▶ **DATA SHOWN**
▬▬▬▬▬▬▬▬▬▬
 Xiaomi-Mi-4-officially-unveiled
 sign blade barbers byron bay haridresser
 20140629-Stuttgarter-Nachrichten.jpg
▬▬▬▬▬▬▬▬▬▬
▶ **WHAT IS NEEDED**
Character for character, reproduce all of the lines above.

▶ **SOLUTION TO THIS PROBLEM**
 Xiaomi-Mi-4-officially-unveiled
 sign blade barbers byron bay haridresser
 20140629-Stuttgarter-Nachrichten.jpg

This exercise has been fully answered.